En Tanzanie, sur les rives de l’immense lac Victoria, s’opposent les extrêmes : d’un côté, industrialisation forcénée de la pêche à la perche du Nil, prédateur vorace à la chair succulente qui pullule depuis son introduction dans les années 60 et est à l’origine d’un immense et lucratif trafic entre Afrique, Europe, Russie et Asie ; de l’autre, la population indigène, victime à la fois des conséquences perverses de ce trafic et de tous les maux qui rongent la région des Grands Lacs : sida, misère, famine, proximité de la guerre (nous sommes à deux pas du Rwanda, du Burundi et de la RDC). Sur les principes du contraste et d’une infernale dynamique de cause à effet, le film d’Hubert Sauper parvient à un remarquable équilibre entre docu choc (avec parfois tout ce que cela sous-entend de Moorisme) et objectivité du constat.
La force de cet état des lieux ? Exténuer rapidement les pistes à la Michael Moore (théorie du complot, ironie lourdingue lors de la séquence-photo de l’aéroport théâtre de multiples crashs d’avion, enquête un peu toc) par un refus absolu de la compassion. Jamais le cinéaste, uniquement audible à travers ses questions, n’apparaît dans le cadre. Jamais ses questions ne dépassent le statut de la curiosité objective, à peine guidées par l’évidence des horreurs qui se jouent là. Ainsi les effets de ricochets du film apparaissent-ils dans une sorte de clarté qui s’émancipe de tout soupçon relatif au doute ou à la manipulation : du trafic de poissons au trafic d’armes, de la surconsommation de l’Occident à la famine locale, de la misère sexuelle à la barbarie, avec le rapport bouleversant du meurtre par un Occidental pendant le tournage d’une prostituée apparaissant dans le film. Puissance d’un documentaire qui se contente de rester constamment au même niveau d’écoute, sans le moindre mouvement exponentiel, par le simple recueil de témoignages et le recours constant à cette évidence du cauchemar.

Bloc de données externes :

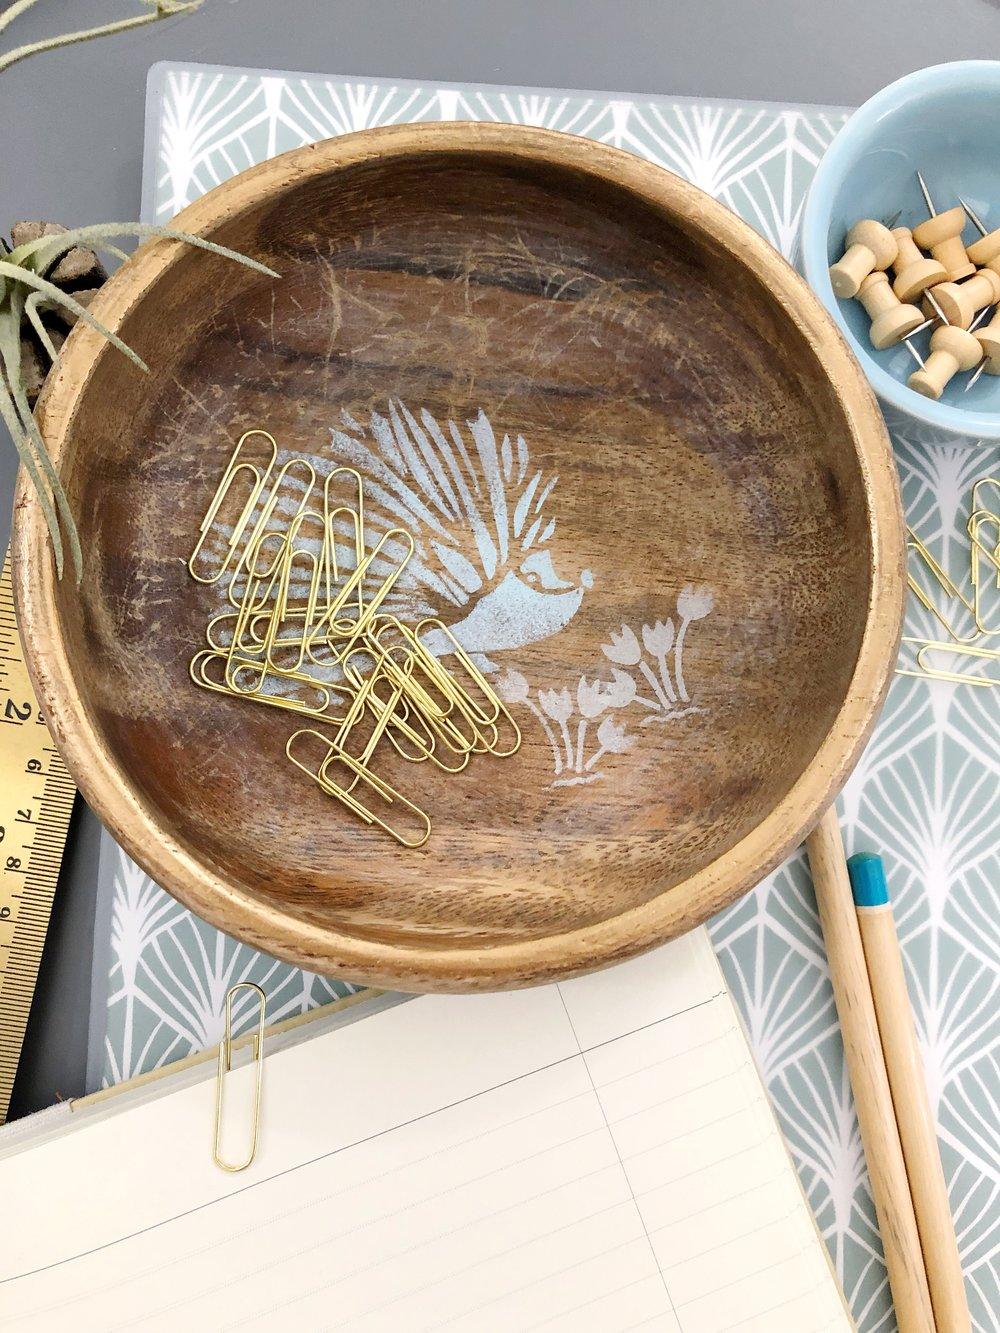 Stenciling tips for beginners. Martha Stewart adhesive stencils. Wooden Bowl up-do. #porcupine #stenciling #acrylicpaint #officesupplies #deskorganization #diy #plaidcrafts #upcycleddiy #stencilcraft #stencilproject

Film-filet qui emmène tout sur son passage, et accueille en son sein rien moins que la totalité des maux qui enserrent son champ d’investigation. La théorie de Darwin, ici, surgit moins comme principe artificiel qui guiderait le récit que comme résultat objectif de la démarche du cinéaste. Elle s’impose dans une sorte de luminosité froide et terrifiante, hors de tout affect et de toute pulsion de performance. Simplement la mécanique glacée d’une sorte de néo-colonialisme purement économique (la terrible fausse innocence forcée des pilotes d’avion), le cauchemar tranquille d’une terreur aveugle, d’autant plus pernicieuse qu’elle apparaît ici comme absolument rationnelle.